Il gioco, le regole, la vita.


Considerando il rischio che qualcuno possa associare il gioco a qualcosa di poco serio, com'è successo, mi premuro di spiegarne il senso.
Per gioco, secondo eminenti analisti della parola, si intende un sistema condiviso di regole, per il raggiungimento di obiettivi che gratificano.
In concreto tutta la nostra esistenza è assimilabile ad un gioco, ivi compreso eventuali sistemi di credenze religiose, di idedologie politiche, finanziarie, economiche etc.
Lo spunto è preso dal gioco vero e proprio, peculiarità dell'infanzia.
Il gioco vero (per, cioè, come la maggioranza delle persone lo considera) dovrebbe avere lo scopo di procurare soddisfazione e divertimento, gratificazione.
Nel gioco vi è sempre una posta: il premio, un titolo, una coppa.
In un gioco si parte sempre da una premessa e, attraverso una serie di mosse ragionate, di strategie, di allenamento, di sacrifici etc., si giunge al fine corsa con il conseguimento dell'obiettivo, dato in premessa come posta.
In fondo l'essere umano non si è mai spostato dal gioco infantile.
Ne ha modificato le regole, ha creato numerosi altri giochi, ma sempre gioco è rimasto.
Chi aderisce ad un sistema di gioco è perchè lo decide e perchè trova soddisfacente le sue regole e la posta finale.
Nessuno può obbligare chicchessia a giocare un dato gioco, così come nessuno può impedirgli di abbandonare e defilarsi da quel tipo di gioco, senza per questo dover pagare una qualche tangente o dover essere discriminato.

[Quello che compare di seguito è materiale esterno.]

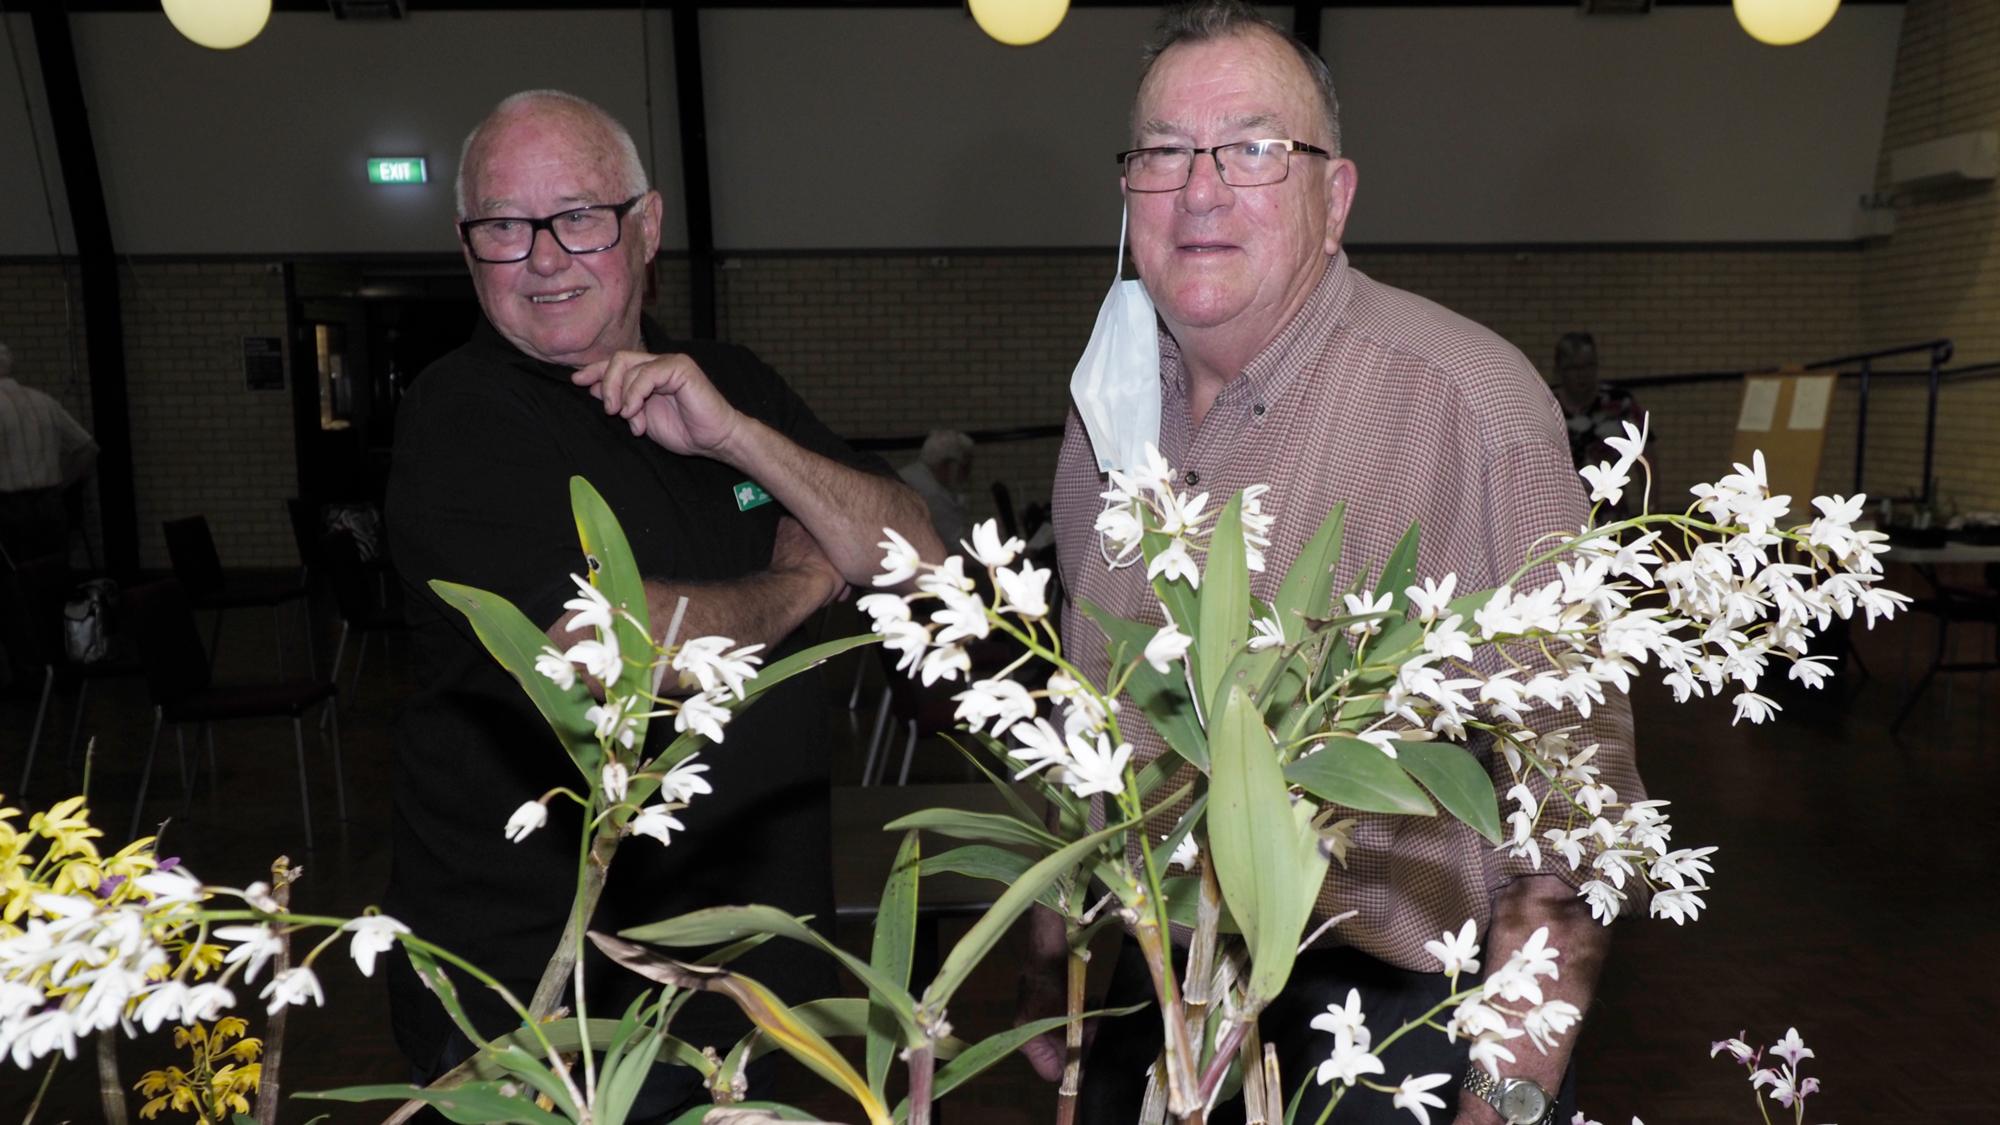 John and Don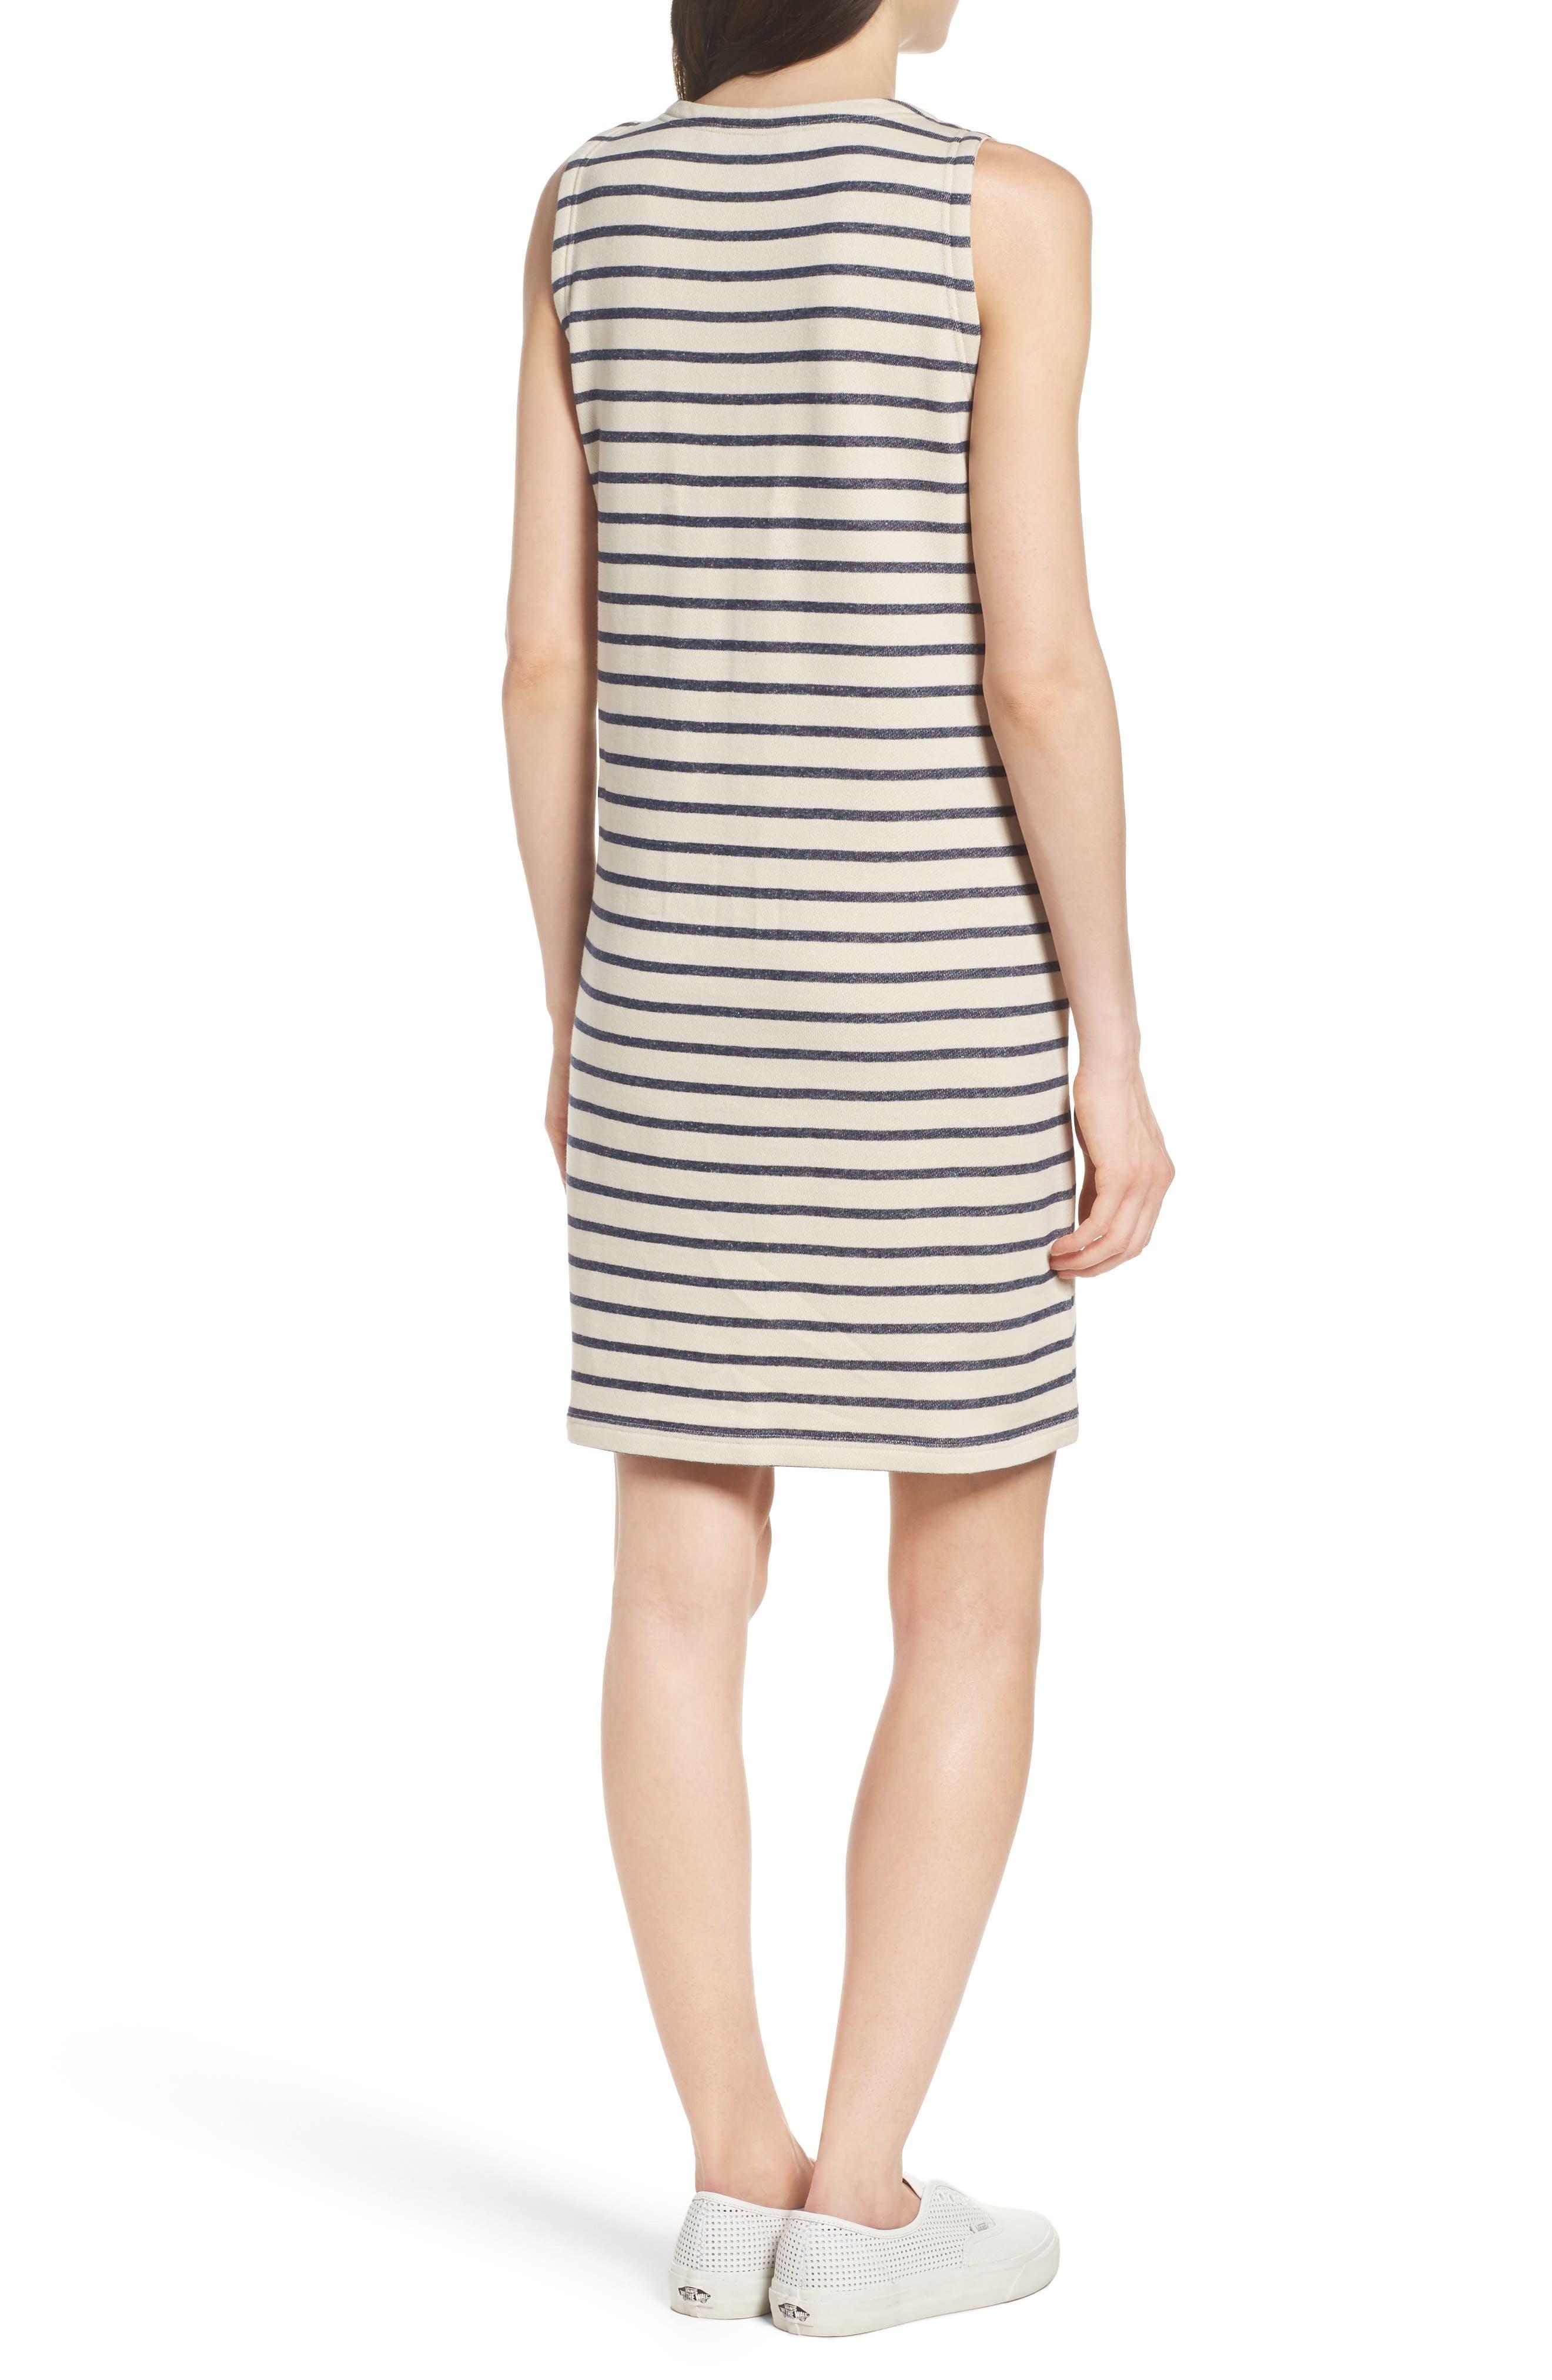 Normandy Stripe Dress,                             Alternate thumbnail 2, color,                             Brule/ Indigo

L'essere umano non può non giocare, perchè, quando smette di giocare, di solito si avvilisce, perde la grinta, l'interesse e finisce per annoiarsi ed andare incontro a notevoli disagi.
Il gioco implica fantasia, idee, obiettivi, forza d'animo, grinta, voglia di andare sino in fondo.
Questo, ovviamente, finchè quel sistema di gioco interessa e dà soddisfazione.
L'amore è un gioco, l'unione matrimoniale è un gioco, l'amicizia è un gioco.
Quando un gioco non procura più soddisfazione e divertimento di solito si smette di giocarlo.
E' praticamente impossibile continuare a giocare un gioco che non diverte più, che non interessa più, che non gratifica più.
Esattamente come quando il gioco dell'amore che procura infelicità nel momento in cui i due non condividono più le stesse regole, in cui non si sente più desiderio e soddisfazione, interesse per l'altro.
Si può, è vero, continuare a vivere insieme, ma senza divertimento, senza passione, che soddisfazione può mai procurare? Nessuna.
E' l'apologia dell'infelicità.

Il bambino gioca a fare il papà o la mamma, gioca a fare il dottore, fantastica la vita adulta ed imita gli adulti.
Se gli infanti non giocassero in questo modo la loro esistenza diventerebbe una gabbia ed un'insoddisfazione da subito.
Da adulti le cose non cambiano.
Tutti hanno bisogno di intervenire in qualche gioco condiviso.
La religione non fa eccezione.
Anche il gioco religioso prevede regole, che delimitano comportamenti, che segnalano un percorso, che additano una posta, un traguardo.
Chi gioca bene il gioco, condividendone le regole e le aspirazioni sarà una persona soddisfatta, piena di vitalità e voglia di vivere.
Diversamente sarà un incubo da cui sottrarsi quanto prima.
Solo che, nel gioco religioso, a differenza di altri giochi, ivi compresi i politici e qualunque altro (poi possono esserci benissimo giochi politici che si atteggiano a giochi religiosi), non ci si limita a prendere atto della volontà del giocatore di abbandonare quel gioco, magari per intraprenderne un altro che trova più gratificante (almeno al momento, poi può ancora stancarsi), ma si punisce per averlo abbandonato e si chiede la solidarietà di tutti perchè discriminino a vita quel credente.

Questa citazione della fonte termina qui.